Seems China’s future is assured, I wouldn’t bet against them, they have the com0lete package, Education, Military, Governance, Contented populace despite narratives stating otherwise which is all Western wishful thinking borne of jealousy and the realisation, they have been found out, left in China’s wake.. China is a high tech economy more so than the U.S, Western economies, most assuredly it is safe, enjoys a rule of law westerners would salivate over, a system more equanimous that Western jurisprudence that has morphed into a multi tiered justice system, its streets are safe, infrastructure is first class.. environment is now cleaner than most, it has the highest clean energy use of any state in the World, generates more power than most, doing so by spades…hardly surprising all the West can do is malign, denigrate, deride China’s growth, her future and successes… t8me they got over themselves
One piece of data you cite may be misleading. You write that, according to an OECD analysis released in 2026, around 60 percent of Chinese firms’ gains in global market share between 2005 and 2023 came from government subsidies rather than productivity improvements, and that Chinese firms received three to eight times more subsidies than competitors in OECD economies. I have studied that OECD report, and my reading is that it applies different standards to different countries: subsidies in Western economies are often treated as legitimate industrial policy, climate policy, defense policy, or innovation support, while similar Chinese policies are framed as distortionary. This double standard is exactly what the Chinese government has repeatedly objected to. As I argued in my recent essay, everyone subsidizes. The United States subsidizes massively and the most in terms of subsidies compared with industrial output value. Europe subsidizes. Japan and Korea subsidize. But China is often singled out as if subsidies themselves were uniquely Chinese. At that point, the issue becomes less an objective economic measurement and more a political narrative about which countries are allowed to conduct industrial policy.
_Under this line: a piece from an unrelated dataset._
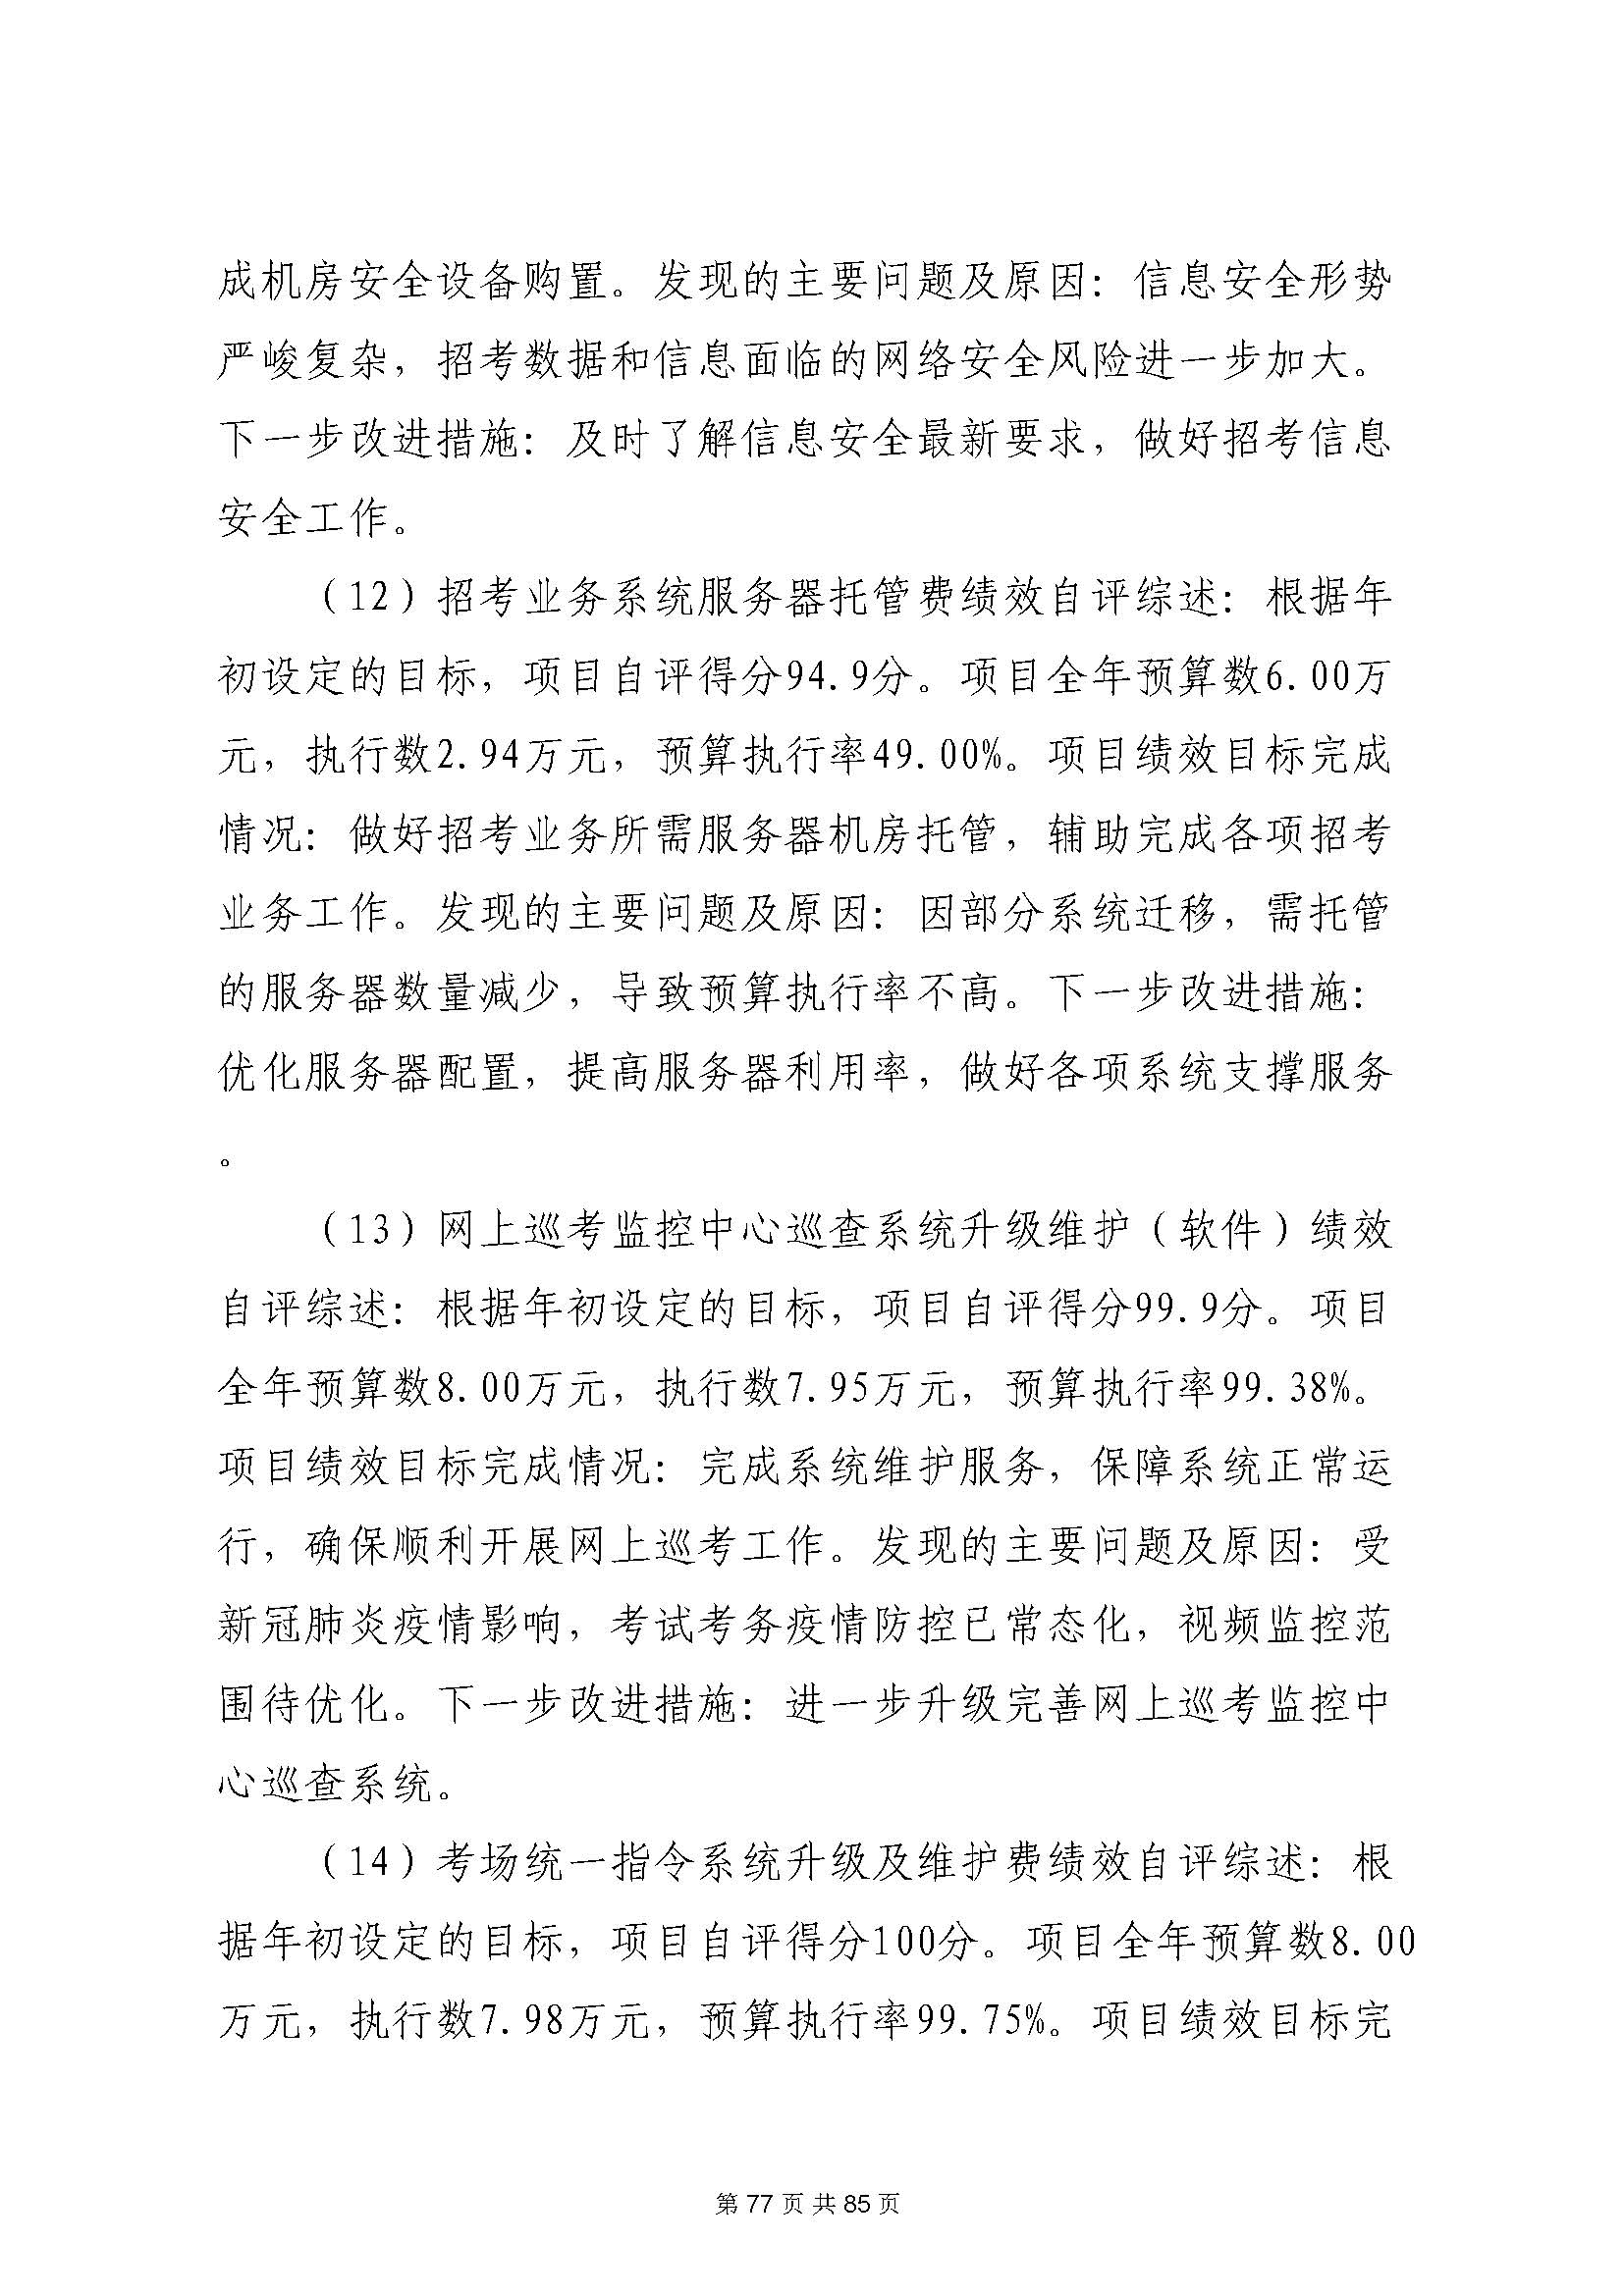 深圳市招生考试办公室2020年度部门决算_页面_78.jpg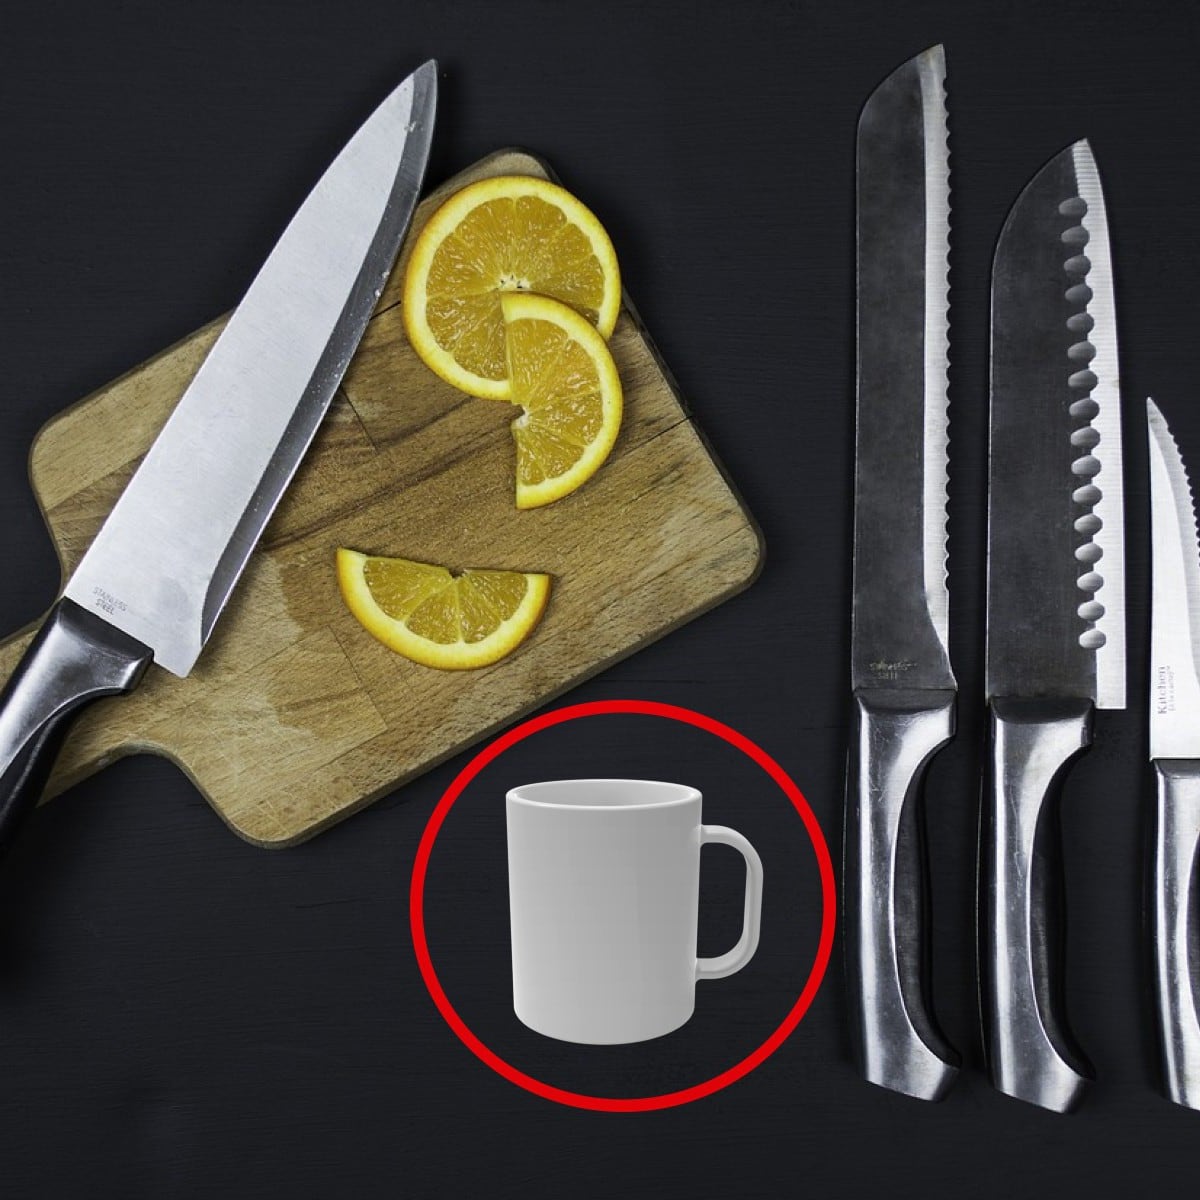 Cómo lavar, guardar y afilar cuchillos para que no te fallen al cocinar, RESPUESTAS

Excellent insights on the connection between “national unified market" construction and Chinanomics 3.0.
In terms of commodity circulation, cross-provincial employment, manufacturing supply chains, logistics networks, platform e-commerce, and industrial ecosystems, China has long been one of the most integrated large national markets in the world. In many respects, its internal market functions more smoothly than those of the United States, the European Union, or India.
So when Beijing now speaks of building a “national unified market,” the goal is not to create a national market from scratch. The real objective is deeper: to build an institutionally unified national market, with unified rules, unified regulation, unified factor pricing, clearer boundaries for local government behavior, unified public resource transactions, and more integrated data and energy markets.
My understanding and observation is that the key problems it seeks to address include:
On the surface, firms can certainly invest in other provinces. But if a local government creates hidden barriers through approvals, qualifications, filings, subsidy conditions, procurement requirements, or local standards, the market is not truly unified.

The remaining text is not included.